Anyway, I’ll close Firefox. -
Start page look and feel
Well that was quick. Now, let’s look at what we have here. (Click on image for detailed screenshot)
It doesn’t fit by default to my widescreen. Anyway, the UI looks really smooth and polished. But it looks very non-windows like. So already, Firefox 3 is ahead in the sense that it gives you the look and feel of the base Operating System π
Let’s zoom in to the features one by one:
Most Visited:
Opera wannabe. Not bad, although I’ve always preferred a blank homepageSidebar:
Now this looks good (and useful).

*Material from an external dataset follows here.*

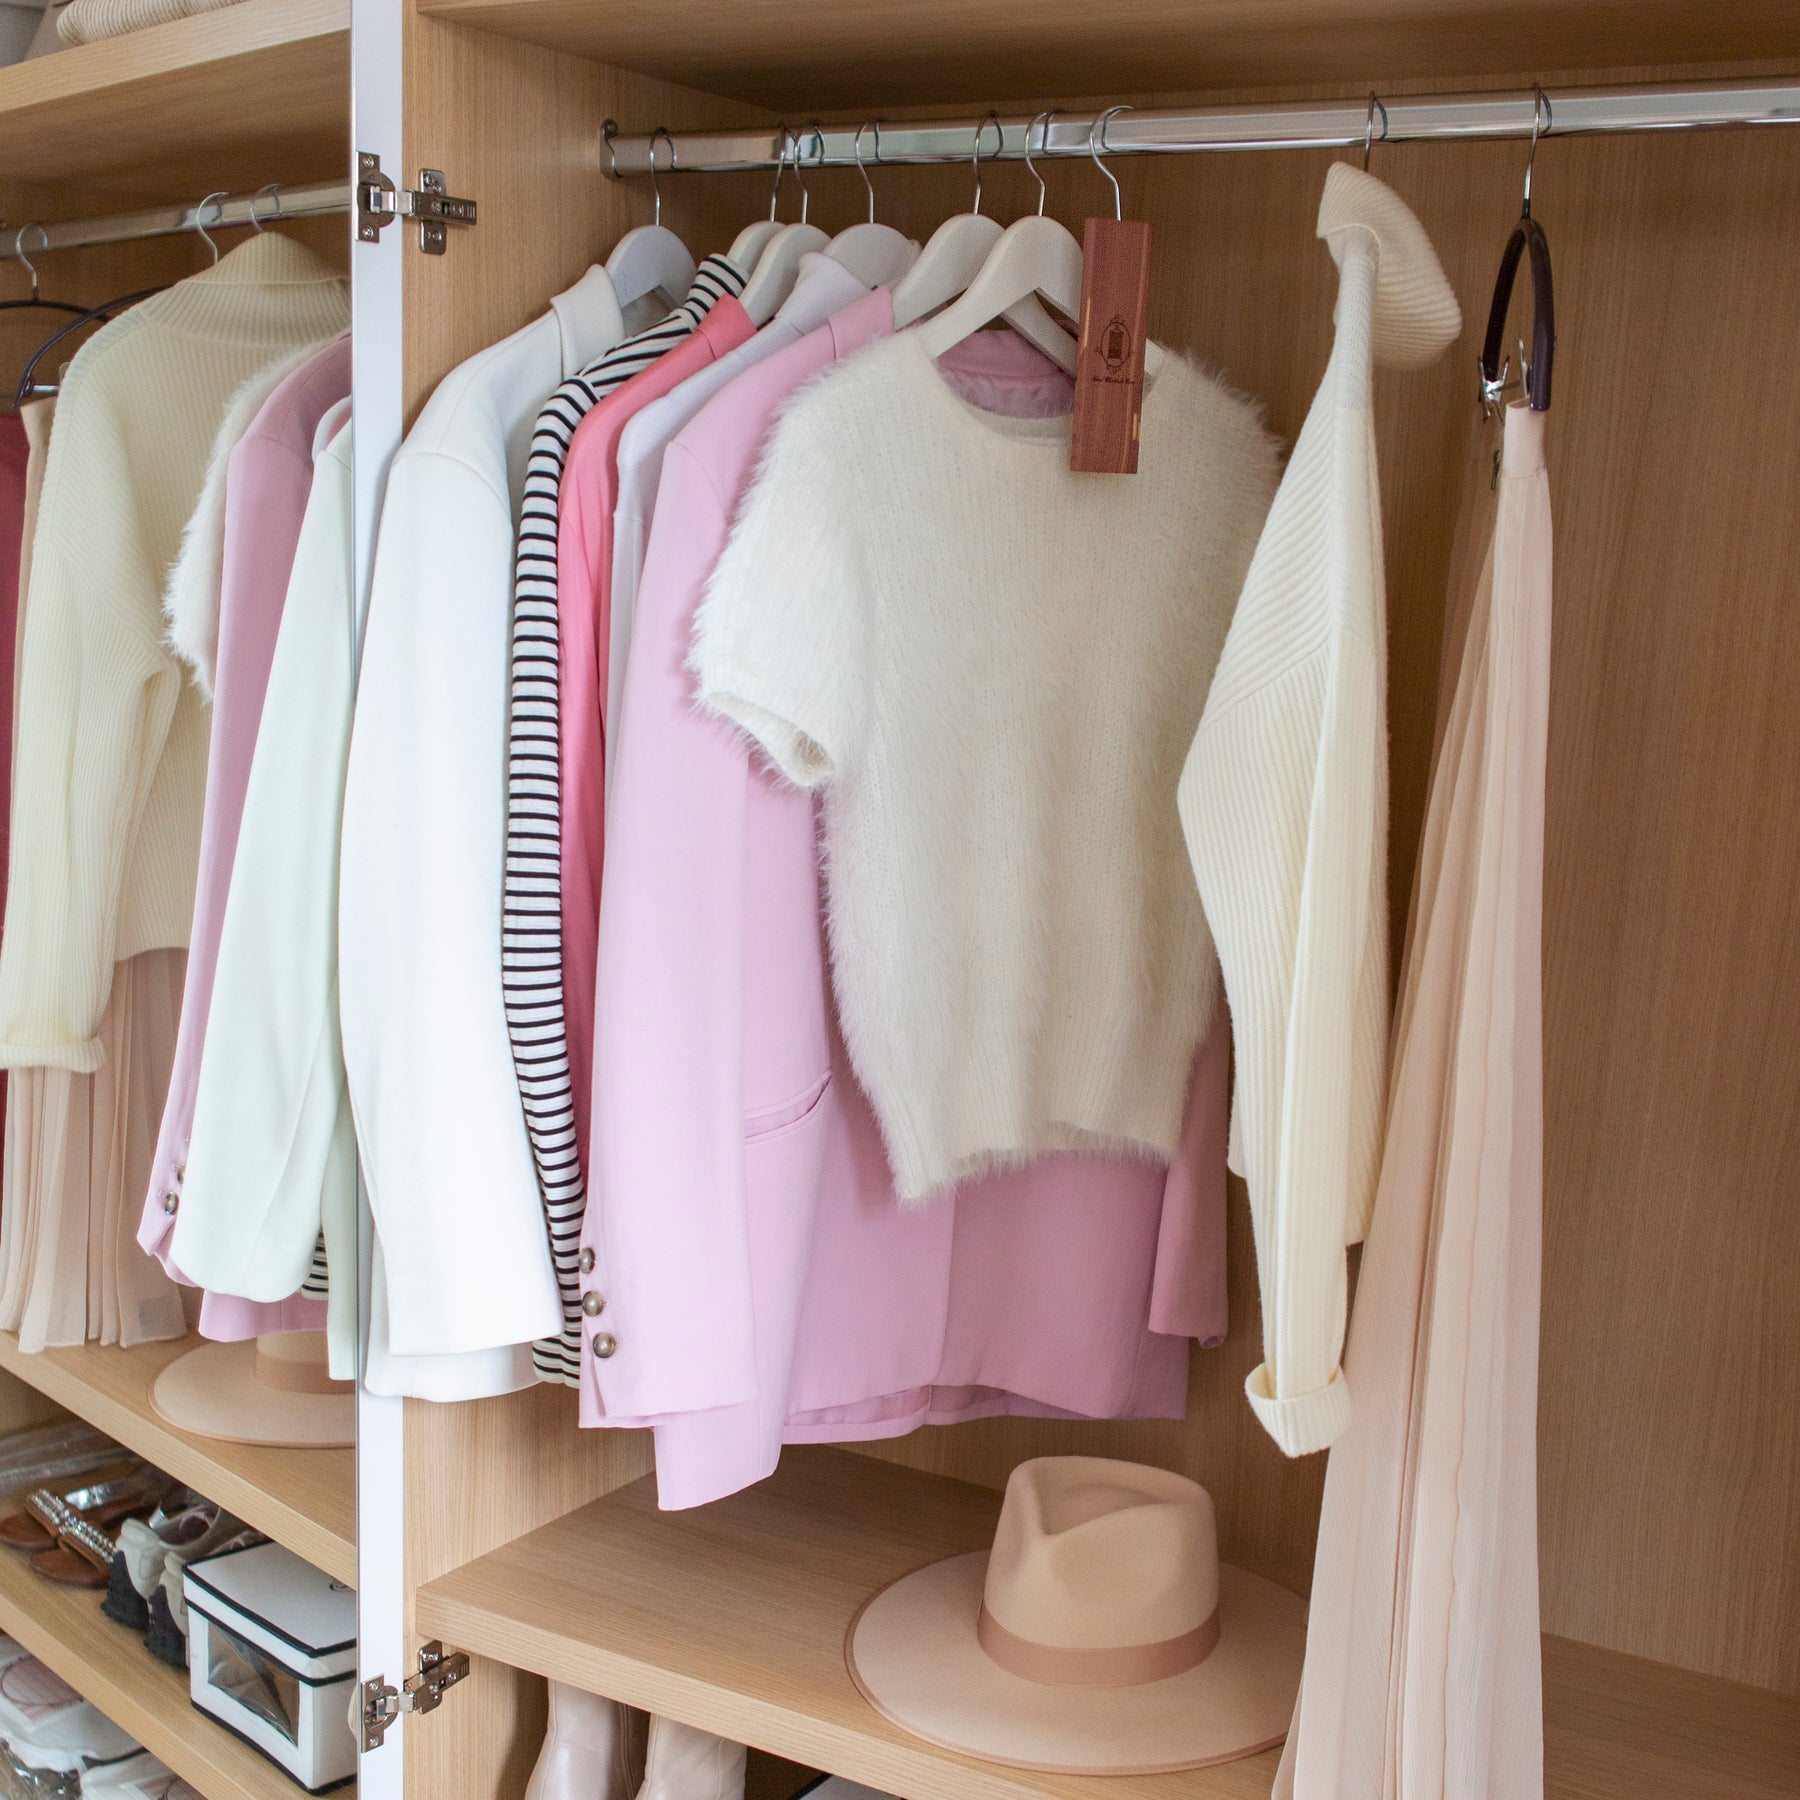 View of open wardrobe with light coloured clothing hanging on rail beside cedarwood hanging block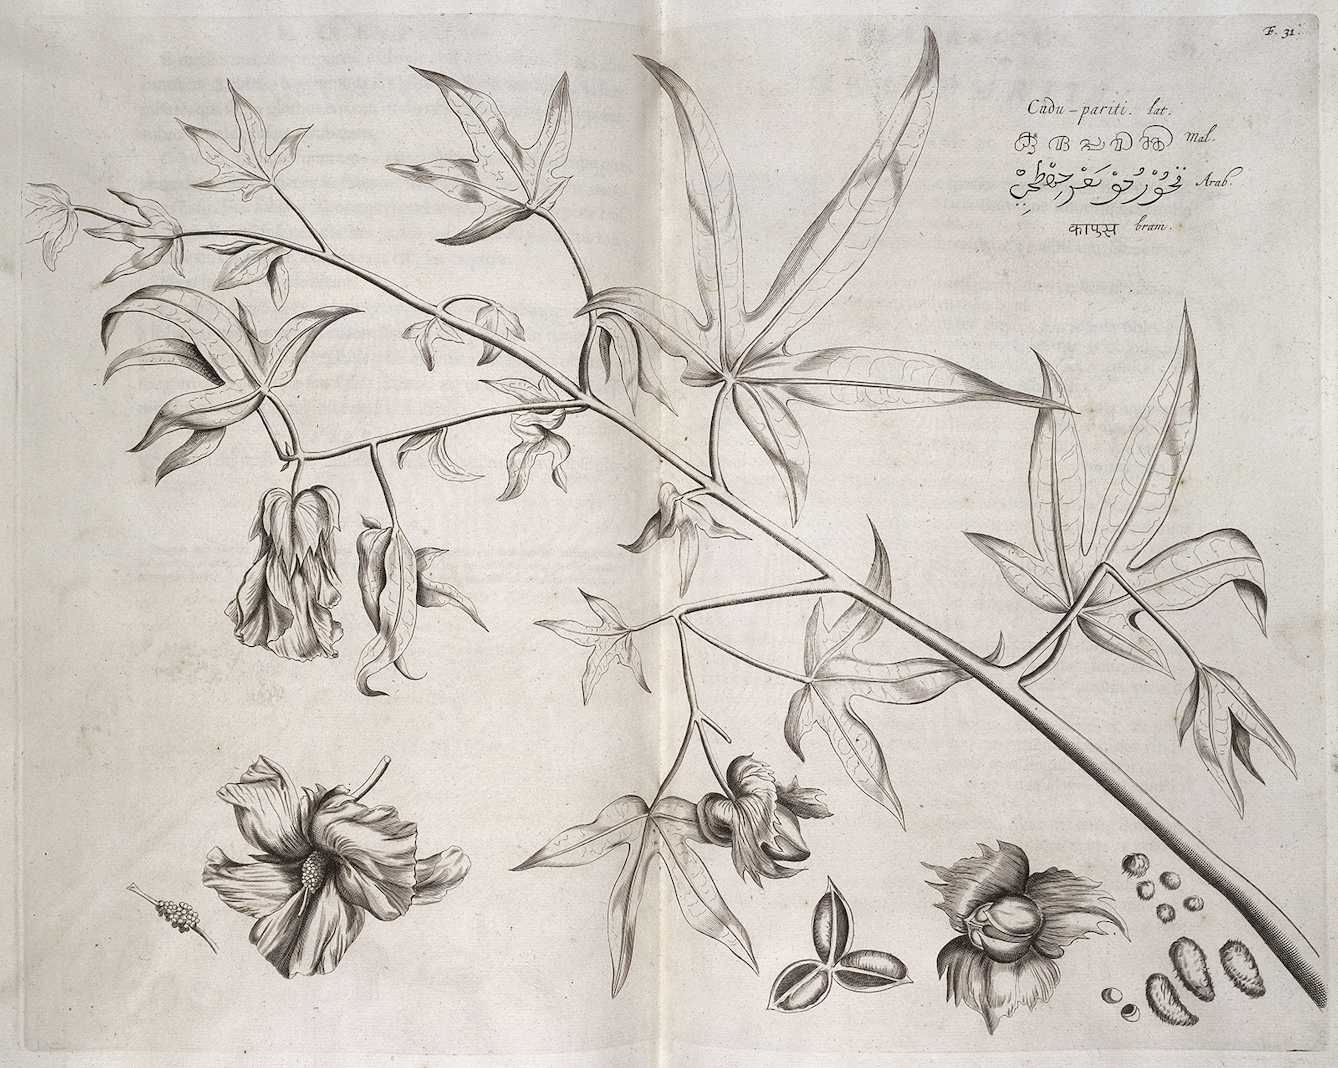 A black and white engraving of a branch with leaves, flowers, fruit and seeds.

Search history and recent bookmarks. I hope they are customizable.
What! No auto-complete in search. Oh come’ on Google.OmniBox (Address Bar): I am expecting improvements over Firefox’s awesome bar.
What the hell is it trying to do here? I think it’s directly searching my name on Google.
Let’s see what Firefox does:
Well, this is much better. It lists my recently visited websites with my name as header. Since Google has this history information too, it should have performed better.
This also means that there is no separate Search Bar. Sucks!In another test Google Chrome refused to list Google Chrome homepage even though it was opened in the next tab. I agree that separate tabs have separate processes but whatever happened to Inter-process Communication?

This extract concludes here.